◆ Instructions for the task
Give back the line that contains "シャネル マトラッセ ラムスキン 財布 二つ折り財布 ピンク シルバー金具 14番台" and every following line, exactly as they appear, through the end of the data.

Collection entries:
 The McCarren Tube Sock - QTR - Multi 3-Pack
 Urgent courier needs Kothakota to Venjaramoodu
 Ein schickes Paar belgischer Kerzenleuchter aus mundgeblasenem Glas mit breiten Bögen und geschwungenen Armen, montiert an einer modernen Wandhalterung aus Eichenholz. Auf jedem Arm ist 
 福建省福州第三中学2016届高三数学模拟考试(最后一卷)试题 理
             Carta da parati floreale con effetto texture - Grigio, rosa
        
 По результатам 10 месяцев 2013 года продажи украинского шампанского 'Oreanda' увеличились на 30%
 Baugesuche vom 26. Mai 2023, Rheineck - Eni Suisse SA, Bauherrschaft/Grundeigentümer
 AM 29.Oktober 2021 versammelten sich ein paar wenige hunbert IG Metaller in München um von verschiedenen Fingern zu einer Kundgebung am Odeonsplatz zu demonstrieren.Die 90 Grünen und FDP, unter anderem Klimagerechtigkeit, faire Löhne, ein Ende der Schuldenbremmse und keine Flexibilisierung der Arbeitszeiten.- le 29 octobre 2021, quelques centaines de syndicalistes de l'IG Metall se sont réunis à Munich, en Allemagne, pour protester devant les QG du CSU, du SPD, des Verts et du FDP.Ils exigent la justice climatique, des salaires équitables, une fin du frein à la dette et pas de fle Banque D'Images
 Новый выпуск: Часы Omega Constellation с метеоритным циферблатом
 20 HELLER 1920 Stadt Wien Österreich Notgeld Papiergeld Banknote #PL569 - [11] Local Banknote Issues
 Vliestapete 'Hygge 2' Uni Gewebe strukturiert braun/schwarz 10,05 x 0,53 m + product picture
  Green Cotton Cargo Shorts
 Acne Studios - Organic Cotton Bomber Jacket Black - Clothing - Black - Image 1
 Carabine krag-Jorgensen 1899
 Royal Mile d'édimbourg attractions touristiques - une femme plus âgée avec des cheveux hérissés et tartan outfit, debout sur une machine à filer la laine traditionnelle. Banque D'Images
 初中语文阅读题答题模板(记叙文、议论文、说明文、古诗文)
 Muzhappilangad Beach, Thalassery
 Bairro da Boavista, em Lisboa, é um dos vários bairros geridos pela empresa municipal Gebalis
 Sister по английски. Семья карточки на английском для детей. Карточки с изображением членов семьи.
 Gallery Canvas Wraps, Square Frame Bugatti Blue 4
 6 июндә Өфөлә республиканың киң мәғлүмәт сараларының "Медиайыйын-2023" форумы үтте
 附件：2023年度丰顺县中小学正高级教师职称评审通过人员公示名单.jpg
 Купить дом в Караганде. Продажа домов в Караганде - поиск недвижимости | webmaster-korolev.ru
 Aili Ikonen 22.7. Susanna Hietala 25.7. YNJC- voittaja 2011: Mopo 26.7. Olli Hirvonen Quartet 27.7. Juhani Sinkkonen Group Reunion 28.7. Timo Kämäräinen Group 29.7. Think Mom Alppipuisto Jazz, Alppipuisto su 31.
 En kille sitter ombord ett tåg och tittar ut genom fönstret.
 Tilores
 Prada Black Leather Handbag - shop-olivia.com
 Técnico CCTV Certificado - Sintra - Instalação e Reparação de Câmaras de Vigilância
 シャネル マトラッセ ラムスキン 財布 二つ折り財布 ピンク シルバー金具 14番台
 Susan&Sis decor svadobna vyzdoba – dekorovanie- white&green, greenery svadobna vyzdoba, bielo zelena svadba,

◆ Answer box
 シャネル マトラッセ ラムスキン 財布 二つ折り財布 ピンク シルバー金具 14番台
 Susan&Sis decor svadobna vyzdoba – dekorovanie- white&green, greenery svadobna vyzdoba, bielo zelena svadba,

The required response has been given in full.